The chip type HG_U95Av2 is recognized...
The merged dataset is listed in the Project folder. The data is displayed, in single array format, in the Microarray Viewer. Note we have increased the intensity slider to maximum here.
Merging microarray datafiles after they have already been loaded.
If Affymetrix data files are not merged at the time they are read in, they can also be merged later, as long as they are from the same chip type.
1. Select the read-in data files that you want to merge.
2. Click on File in the menu bar, and choose Merge Datasets.
The picture shows the resulting merged dataset created from several individual data files.
The result is a new data node containing the merged data. The original data nodes are still present.
Renaming a project or a data node
Renaming a project
1. Right-click on Project folder.
2. Select Rename.
3. In the pop-up screen rename your project.
4. Click on the Okay button
Renaming a project data node
1. Right-click on a Project Folder data node.
2. Select Rename.
3. In the pop-up screen rename your data node.

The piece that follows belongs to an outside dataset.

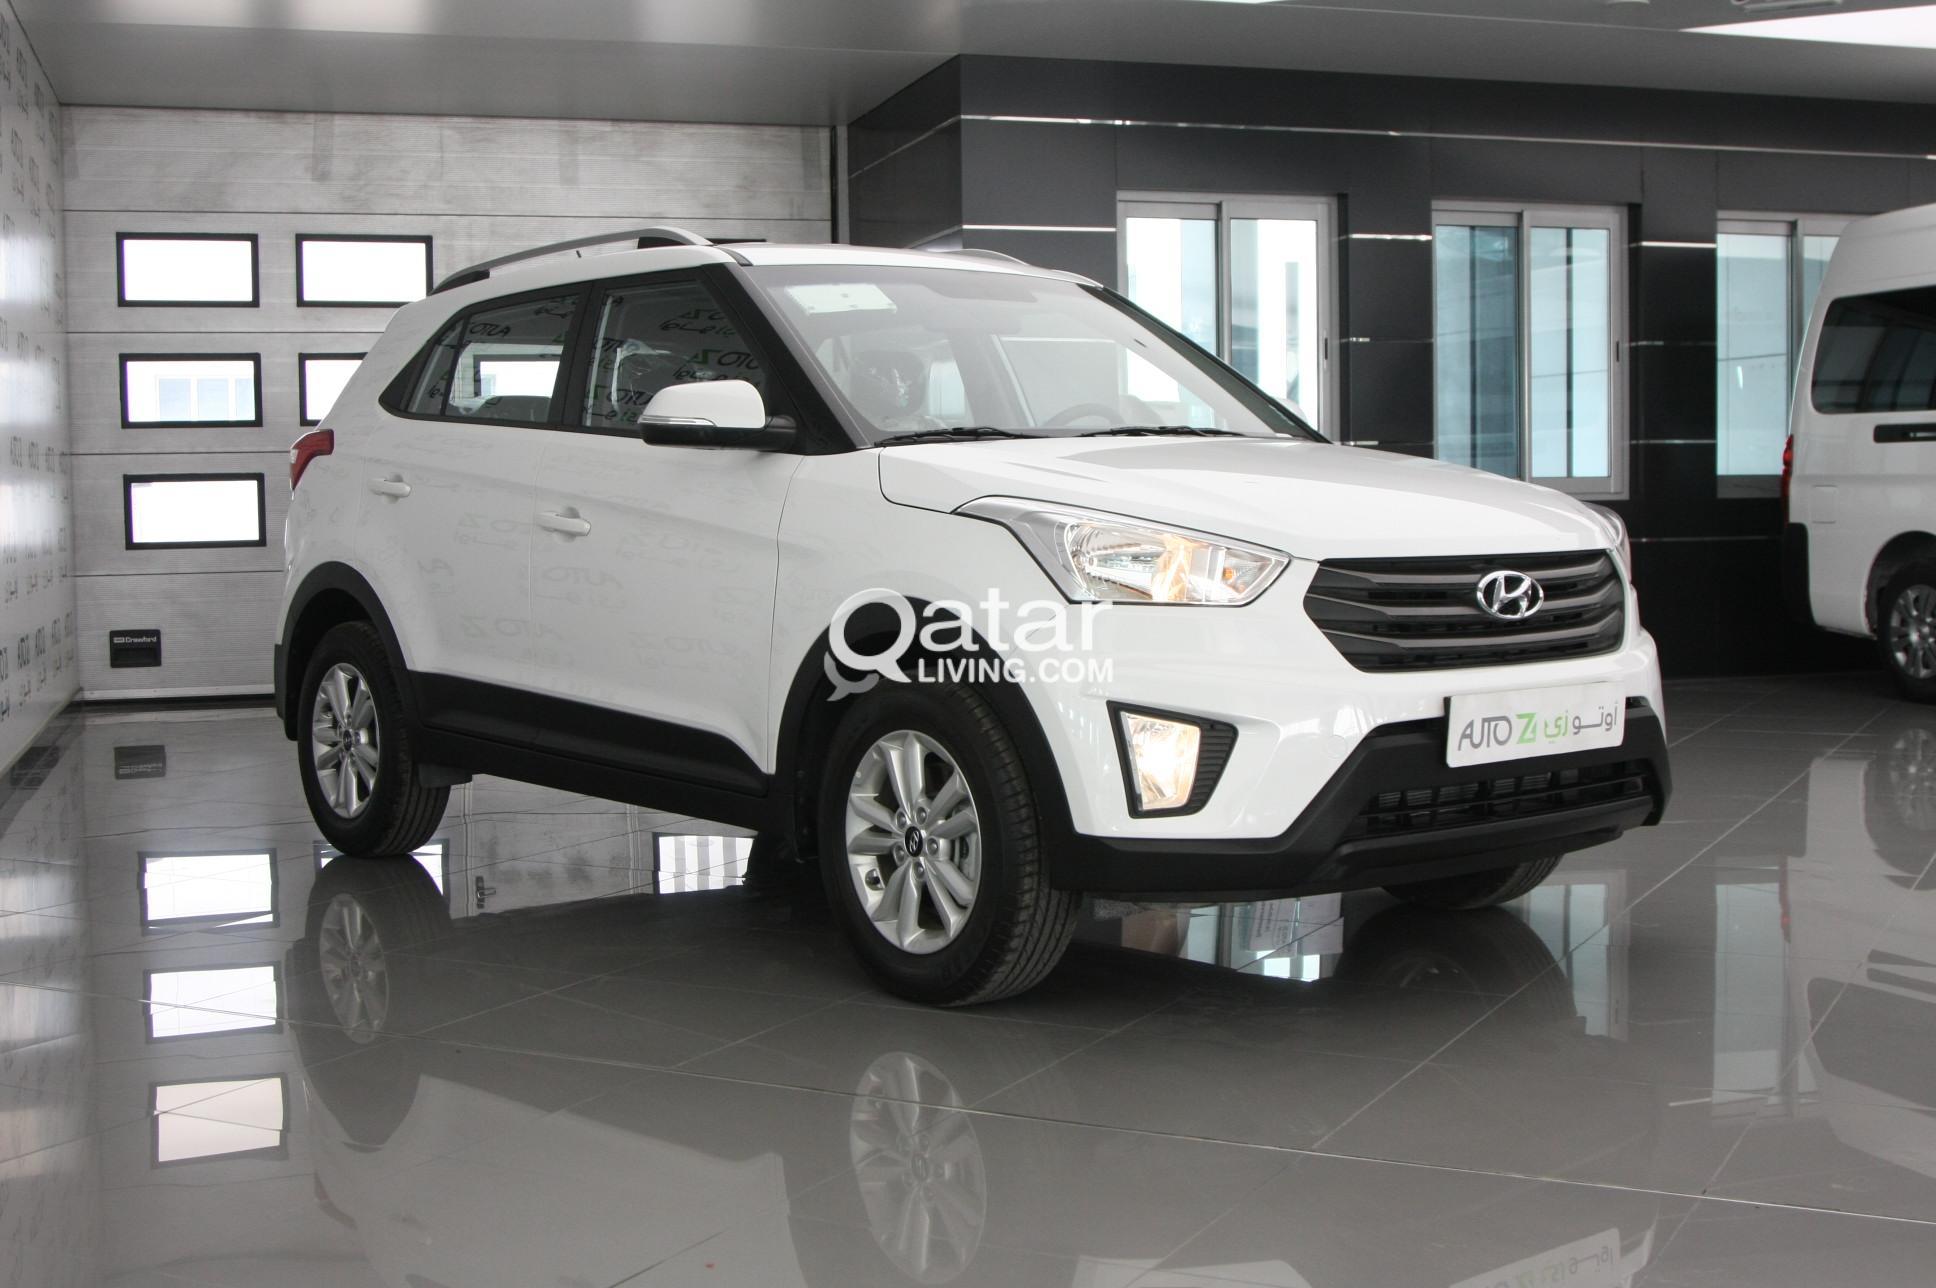 Hyundai Creta 2018 Qatar Living

4. Click on the Okay button.
Removing a project or a data node
Removing a project
1. Right-click on Project folder.
2. Select Remove.
Removing a project data node
1. Right-click on the data node.
2. Select Remove.
Saving a data node to a file
1. Right-click on data nodes that you want to save.
2. Click Save.
A standard file Save screen will come up.
3. Choose a location.
4. Enter a name.
5. Click on the Save button.
Working with remote data sources
The remote Open File dialog
geWorkbench can retrieve data from certain remote data sources, for example instances of the NCI's caArray database. The Open File dialog allows remote sources to be added to the list of those available either manually or through discovery using grid services. Entries (locations, parameters) for non-grid services can be edited.
As before, right-click on Project which will bring up the Open File dialog. Click the Remote radio button. The Open File dialog window will be expanded to include remote sources.
Four additional buttons appear. They are:
caArray button - Gives you a listing of your Remote Resources.
Go button - Accesses the Remote Source that you selected.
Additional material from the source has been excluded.